* **What this task involves**
All of the data must be written out verbatim, with pictures excluded.

* **Data section**
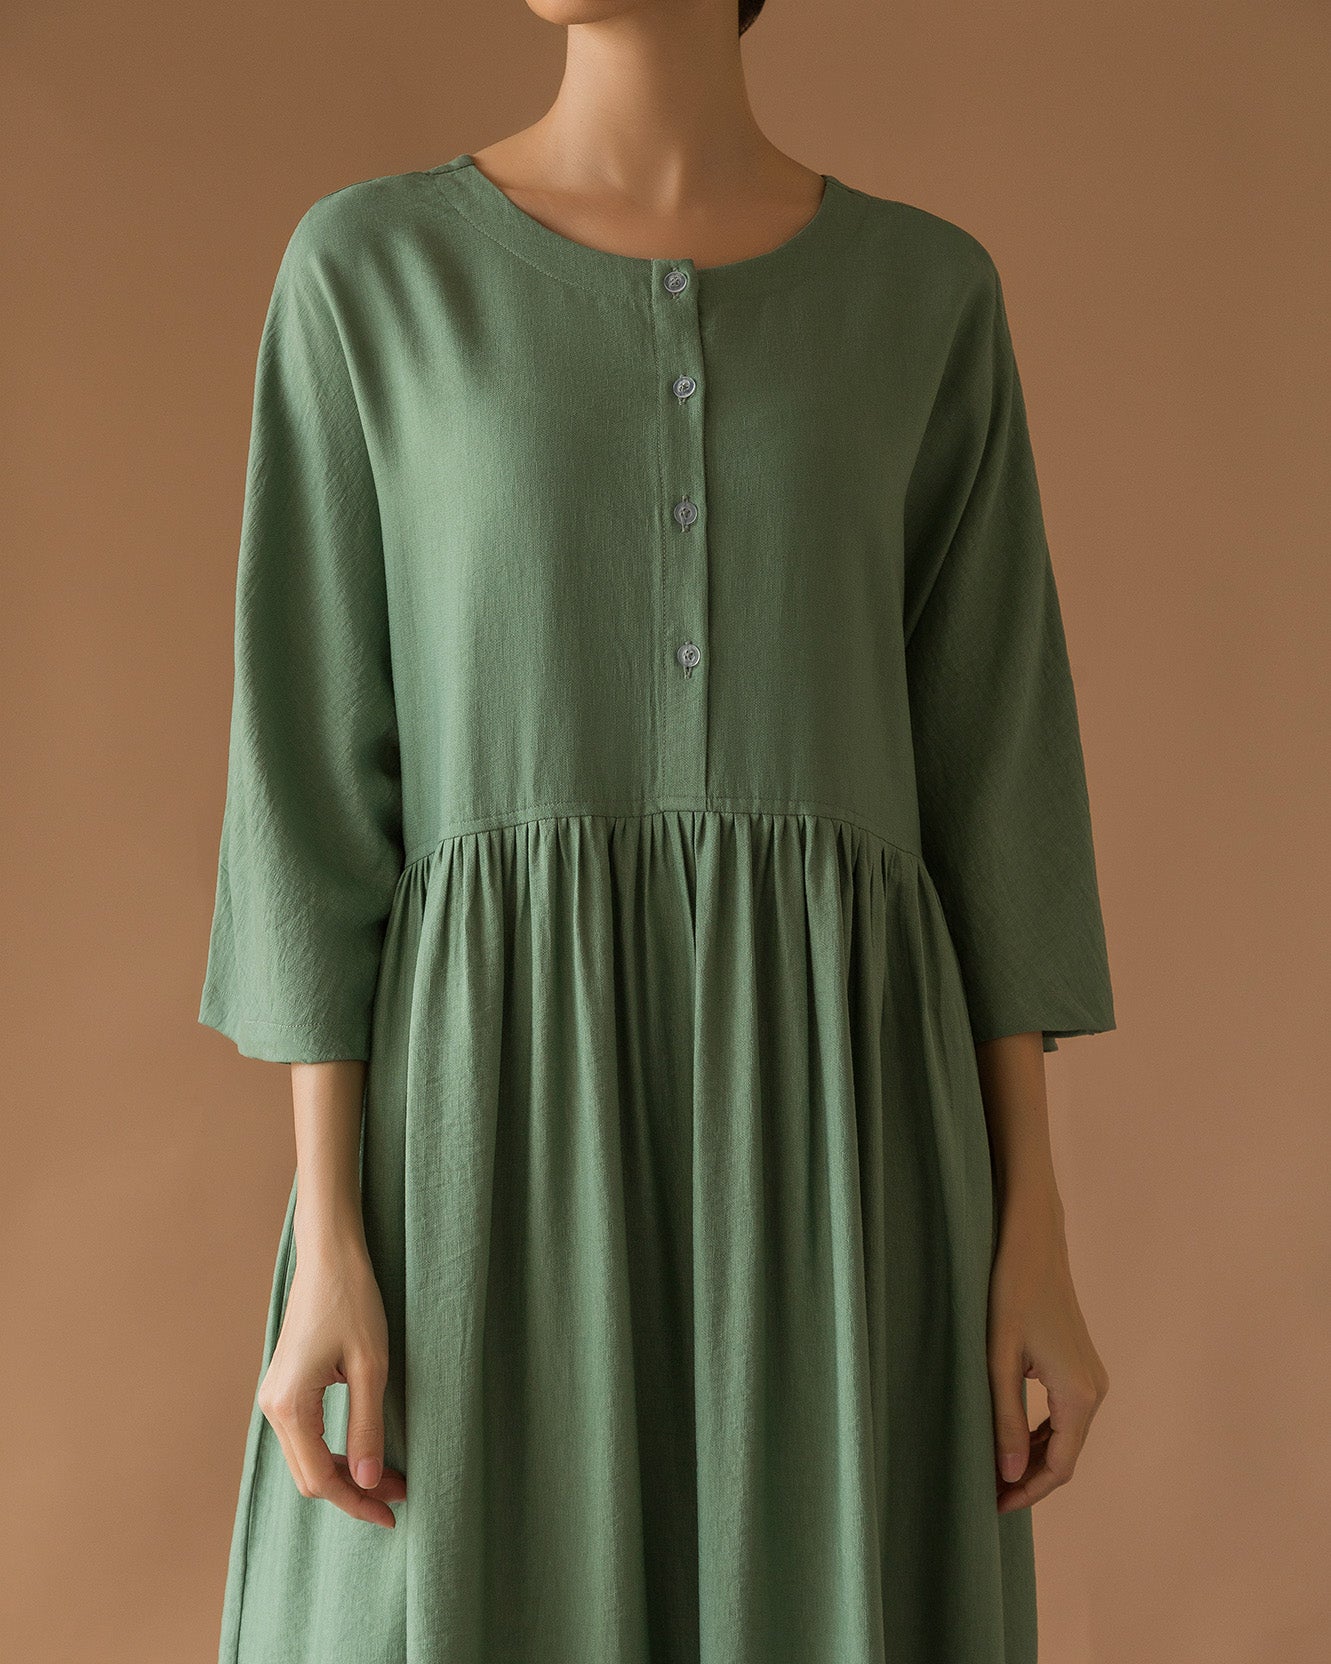 STYLE 19 - olive green
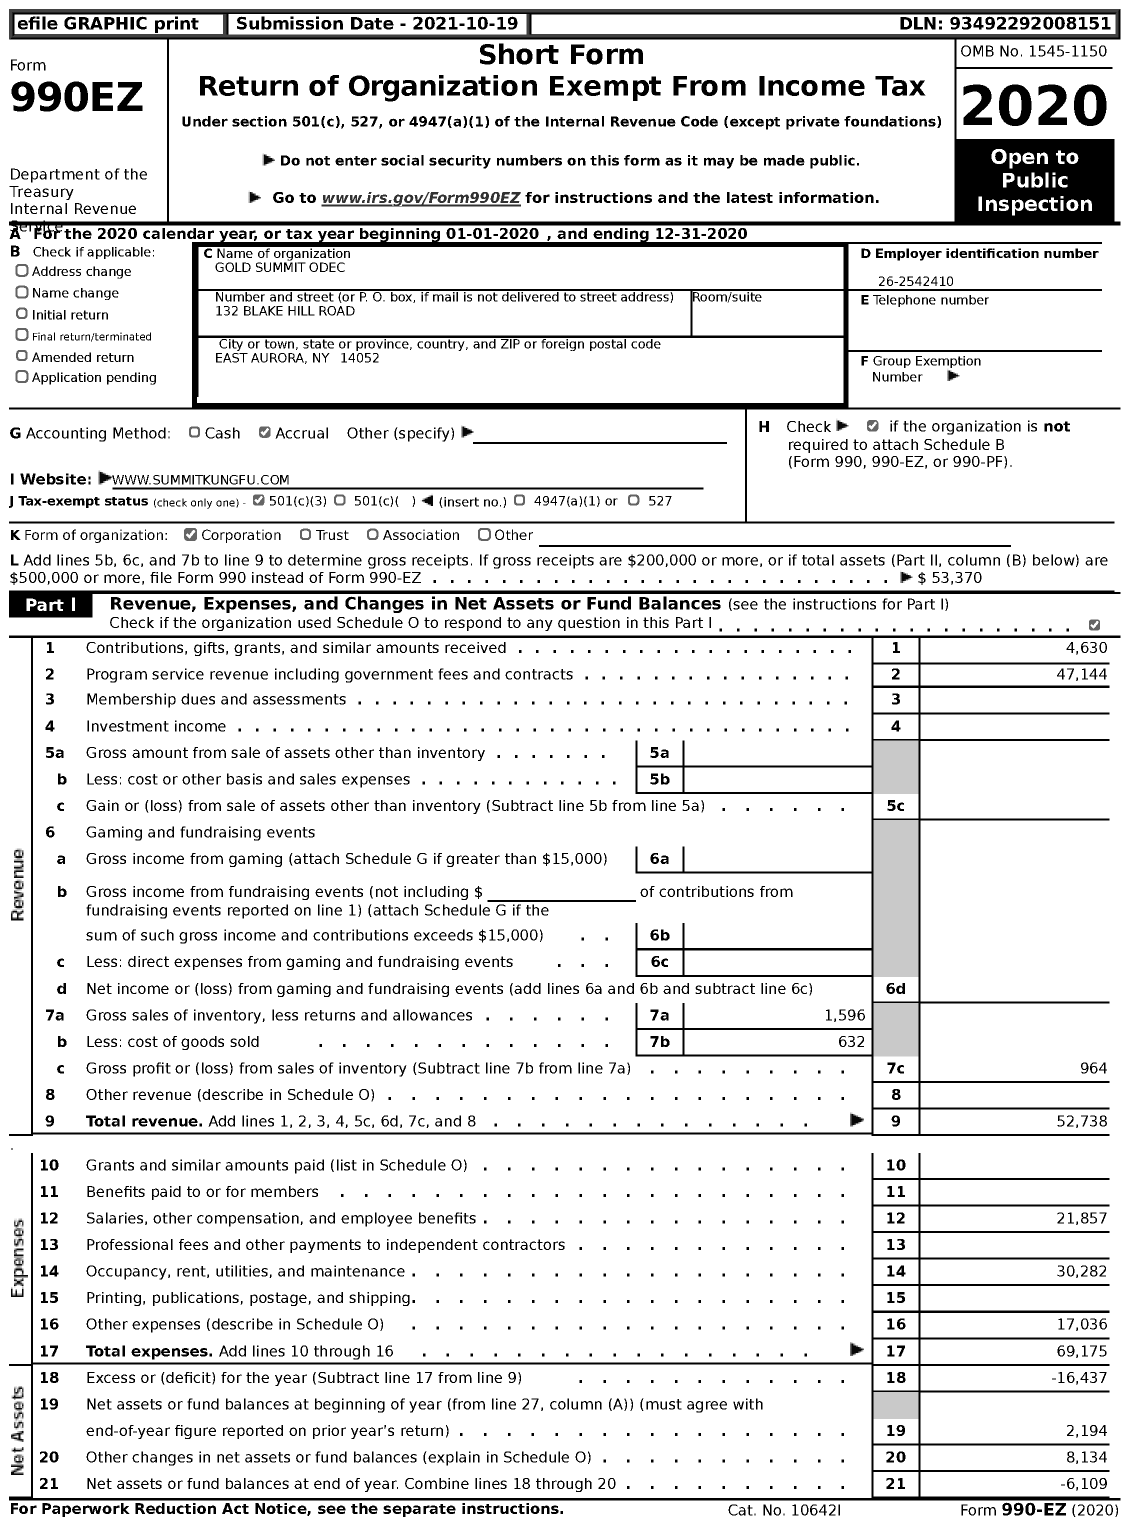 Image of first page of 2020 Form 990EZ for Gold Summit Odec
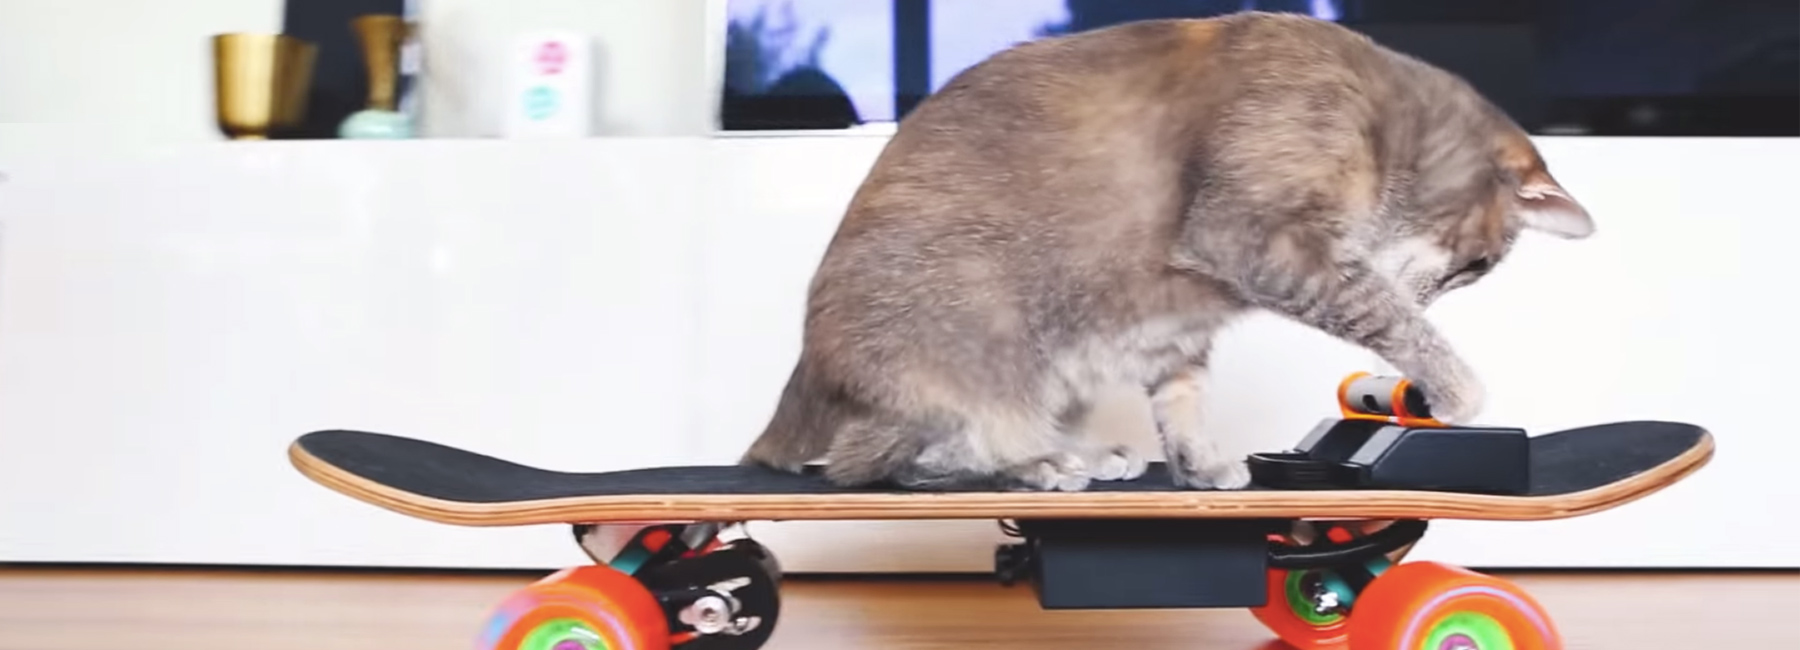 this designer built an electric skateboard for his cat

* **Solution to this task**
 STYLE 19 - olive green
 Image of first page of 2020 Form 990EZ for Gold Summit Odec
 this designer built an electric skateboard for his cat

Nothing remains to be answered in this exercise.